Given the issues with MercuryPharma Liothyronine (cost, Yellow Card reports, etc.), I was prompted to look again at the MHRA site regarding product licences. Must have been quite a while since I looked - much has changed from what I remember. (Or is that my memory playing tricks?) Most particularly, there is something called the Mutual recognition procedure.
My take on it is that a medicine that has been granted a licence in one EU country can apply for another country to grant a licence simply because it already has one in another EU country. Obviously this is not automatic. There will be checks. Perhaps not all national approval systems are equally trusted, etc. But, at heart, it might indeed be much simpler for a liothyronine producer in another EU country to get a UK product licence.
The most obvious company, it appears to me, is Sanofi - given that in France it sells Cynomel, and in Germany, under its Sanofi Deutschland name (formerly Henning) it sells Thybon. Sanofi already has a UK presence.
We don't know what is happening behind the scenes. Is it possible that this is in part why MercuryPharma are doing what they are to the price? Rake in as much as they can before the competitor(s) come to market? Doesn't in any way excuse or justify their actions, but just might help to explain them. What they have done otherwise looks like market suicide whereas this would be execution by a competitor.
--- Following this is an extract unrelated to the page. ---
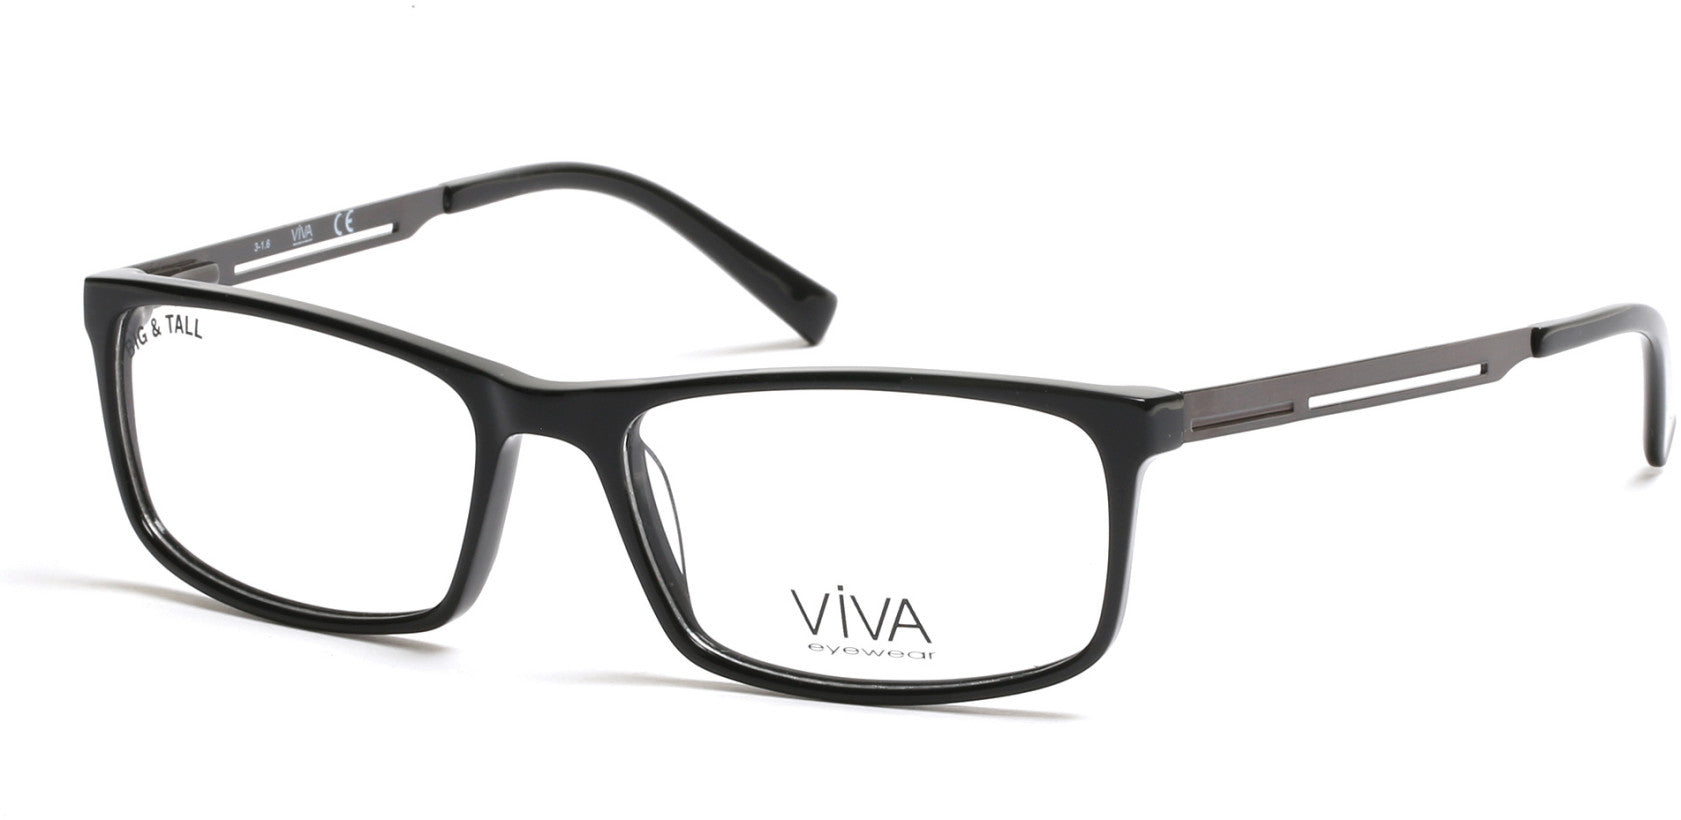 Viva VV4026 Eyeglasses 001-001 - Shiny Black

Use the mutual recognition procedure when your product already has a national licence in at least 1 EU country, and you want to market it in more EU countries. The principle is that the countries you wish to add recognise the national licence(s) already granted.
Perhaps the competitor is (partially) behind the MP price rise - they will look competitive even if grossly over-charging. An ideal entry to the UK market - especially if MP are quitting anyway.
[All speculation - don't take any of this as factual.]
This is unbelievable and surely totally unethical! I am completely gobsmacked! Greed seems to dictate everything in business nowadays. Who actually pays initially for the T3 prescribed within the NHS? It must be such a complicated chain. Why can't it be brought it from abroad...at least while we are in th EU!! Nobody should cowtow to a profiteering UK monopolist?
I'm sure you've heard about the obscene mark ups in the U.S. Many of them are cancer drugs but I looked up a drug for SIBO which sells for over $1,000. In Canada, it can be purchased for $152. The government has adopted a laissez-faire attitude toward drug producers. I'm sure there is a corrupt angle behind it.
It certainly looks like it is the same underlying story from around the world. Even if individual medicines show a patchwork of prices - high in some; low in others.
The story from the UK/NHS perspective is that our NHS management, the civil servants in the Department of Health and the politicians have signally failed to react to this. In the case of liothyronine the evidence is as clear as ever it could be. Especially that within the same major trading block - the EU - we see absolute bargain basement prices as well. (We don't have to consider China, third world, etc. to get low priced examples.) It should have been picked up, investigated, challenged, as the price shot up. The legal and commercial framework should have been changed to prevent this obscene exploitation.
I suspect as posted yesterday that when Cinven bought Mercury they upped the price to make it hugely profitable in order to sell on at inflated price.Typical private equity trick.
My MP has suggested I might like to write another letter to the Minister and Helvella & Sheila's information will be very useful.We should all write to uur MP.